Tuesday, February 3, 2009

Yes Man



por Kleber Mendonça Filho
cinemascopio@gmail.com

Engraçado como os dois lançamentos hollywoodianos da semana se comunicam, de certa forma. Tanto em Foi Tudo um Sonho (Revolutionary Road) como em Sim Senhor (Yes Man, EUA, 2008), os personagens partem para mudar de vida, infelizes com o estado de coisas e com a forma como se relacionam com o mundo em volta. Se no primeiro, um drama barrinha pesada, eles não conseguem, no segundo, uma comédia "pra cima" das mais simpáticas tudo corre bem. Curiosamente, Kate Winslet (em Foi Tudo um Sonho) e Jim Carrey (Sim Senhor) estiveram juntos em Brilho Eterno de Uma Mente Sem Lembranças, outra parábola sobre melhorar e mudar, meio do caminho entre os dois filmes.
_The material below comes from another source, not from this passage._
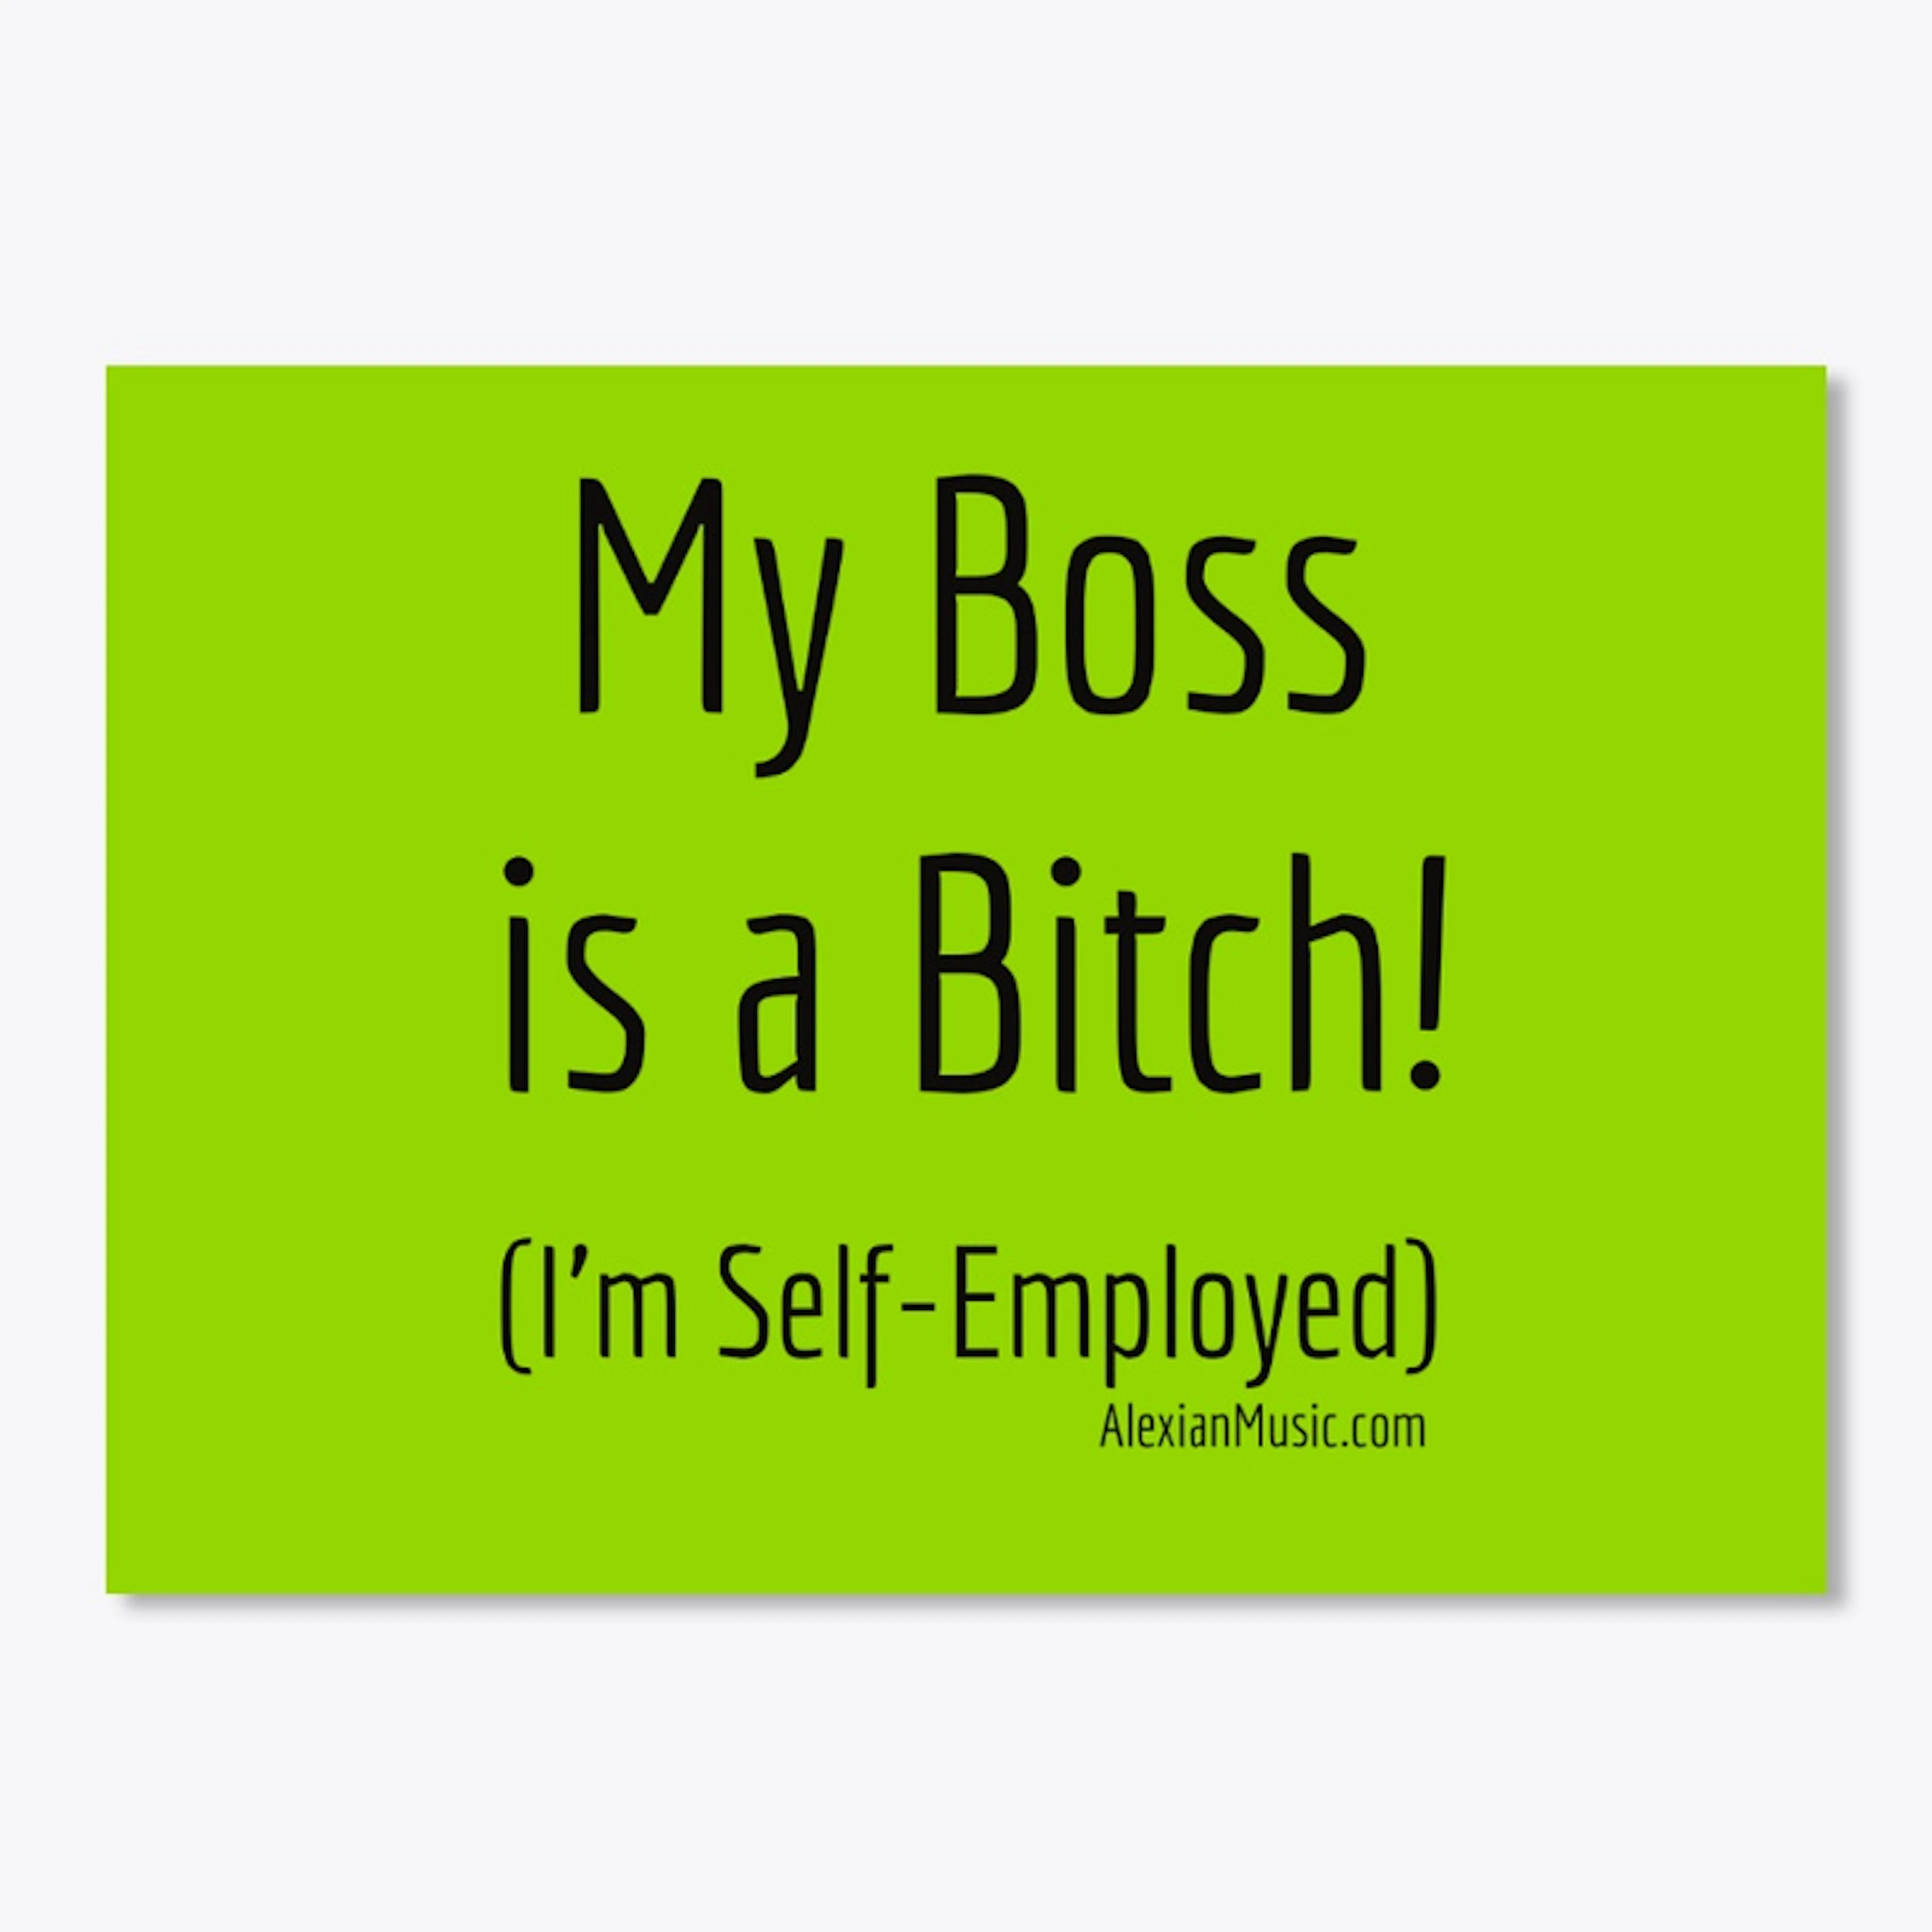 My Boss is a Bitch!
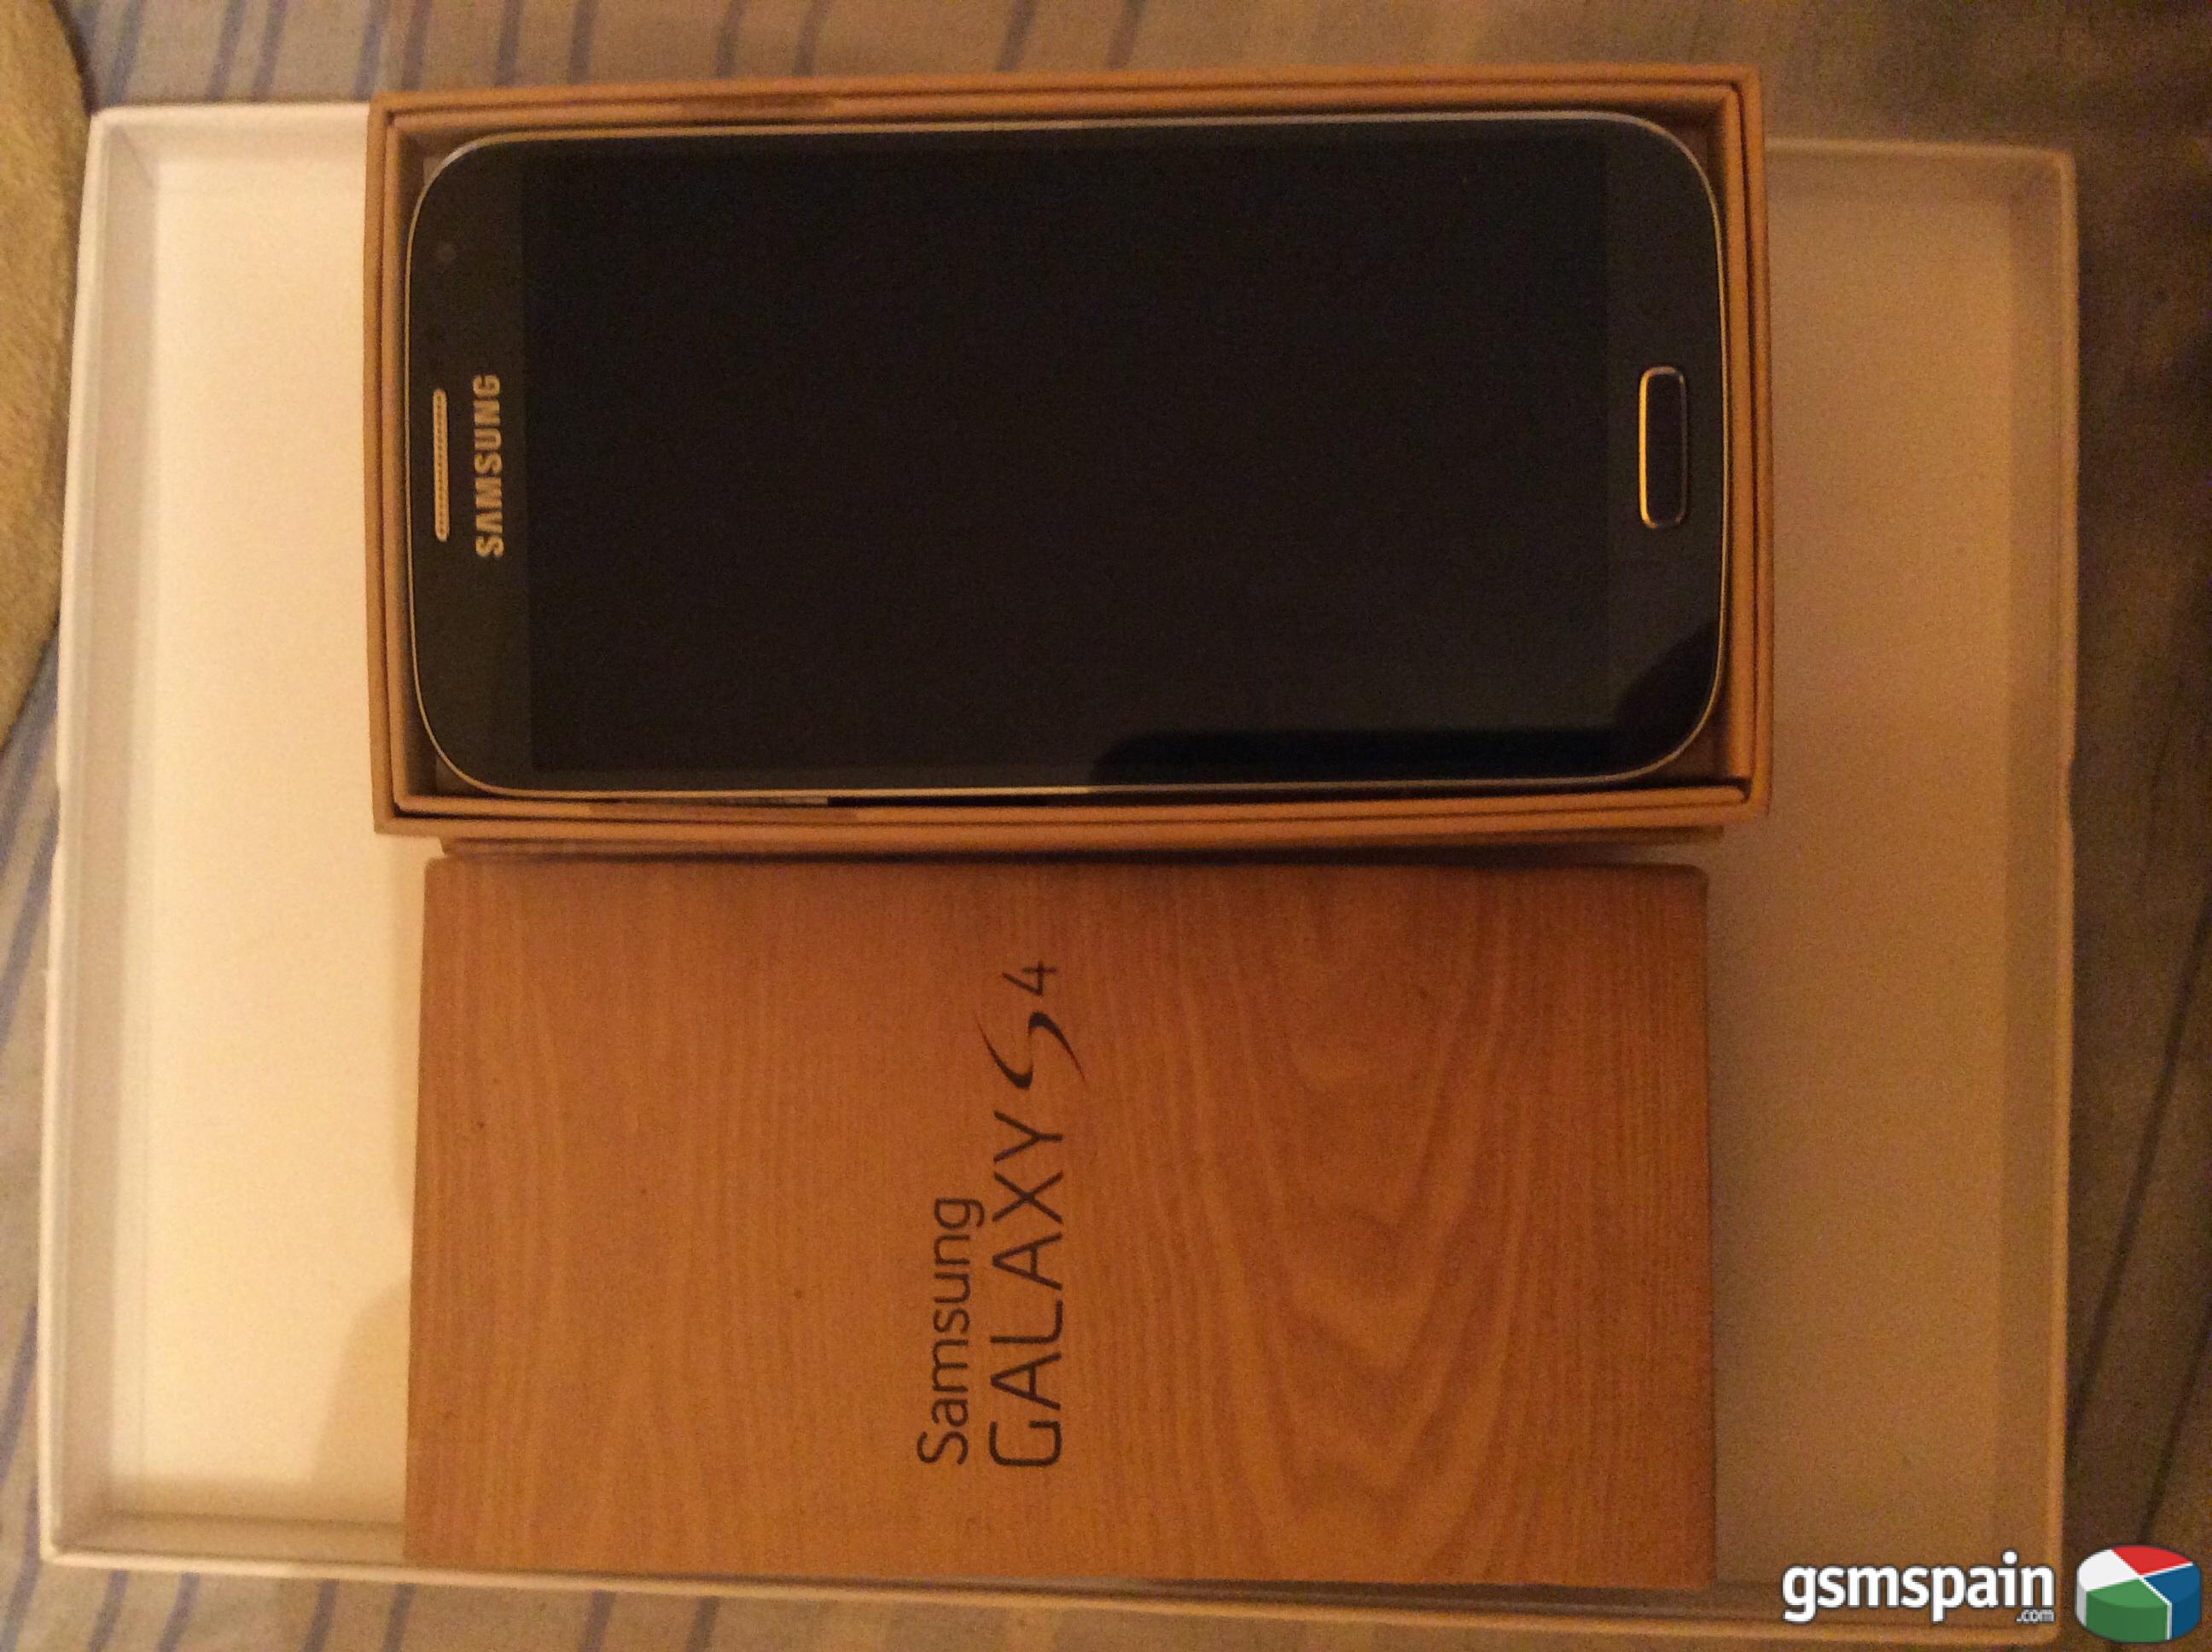 [CAMBIO] Samsung galaxy s4 libre

Nesse novo filme de Jim Carrey, que o marketing nos levou a crer que seria tão pavoroso quanto O Mentiroso (Liar Liar), o interessante ator e comediante faz Frank, um bancário emocionalmente negativo, flagelo masculino que ainda sofre com o fim do seu casamento, anos antes. "Não" é a palavra chave da sua vida, "não" para o cara que distribui panfletos na rua, "não" para sair com os amigos que já estão desistindo dele, "não" para os clientes que vêm pedir empréstimos no banco. Imagino que "não" também para filmes como este, pois Frank é tão negativo que o seu tipo de filme antes do make over é Jogos Mortais e 300.

Como geralmente ocorre nesse tipo de coisa, ele encontra um velho conhecido que irá apresentá-lo aos prazeres do "sim!", levando-o a uma dessas palestras assustadoras de auto-ajuda, com platéia de centenas, em sala de convenções de algum hotel, que repete aos gritos mantras que chamam a mudança e explicam o segredo de viver. O ator inglês figura Terrence Stamp é o mestre do "sim", convencendo Frank a adotar a palavra de três letras que rima com tim-tim.

E lá vai Frank dizendo "sim", inicialmente a um sem teto que mora longe e no mato (o plano do homem emburacando nas brenhas é uma jóia de mau gosto), e que usa o celular de Frank até esgotar a bateria. Eis que quem planta colhe, pois os frutos desse primeiro "sim" levam Frank, sem celular e sem gasolina, a um posto, onde encontra a adorável figurinha Allison (Zooey Deschanel, espécie de gracinha número 1 do cinema ocidental), o início de um agradável romance.

O filme revela-se gracioso para com o bombardeio social e comercial diário que tenta nos levar a dizer "sim" (vírus de PC incluídos), seja verbalmente ou apenas clicando o computador, armadilhas que aprendemos com o tempo a resvalar em direção a uma quantidade realmente assustadora de "nãos".

A resignação de Frank rumo ao "sim" o leva a dois dos momentos mais grotescos do filme, e que se destacam feito dois dedos no olho. No primeiro, ele aparece com uma pretendente iraniana, tratada pelo filme como bichinho do mato que merece o tipo de achincalhe bem americano em relação a todas as coisas estrangeiras (ou de raiz muçulmana). O segundo envolve a vizinha idosa (e fogosa), e há uma piada fim da picada com, claro, próteses dentárias.

Felizmente, o filme é melhor do que esse tipo de coisa, e há um aspecto irônico de interesse. À frente dos empréstimos e trabalhando com crédito no banco, Frank evita no seu processo de vida pré-"sim" o seu chefe abiscoitado (é fã de Harry Potter) e, no contato com o público, passa a dizer "sim" sempre para micro-empresários ou alegres consumistas, o que talvez explique o tipo de crise mundial de crédito que nasceu nos EUA, "o crédito mais fácil do mundo". A piada funciona e lembra a outra piada política (esta consciente) de As Loucuras de Dick e Jane (sobre rombo em fundos de pensão).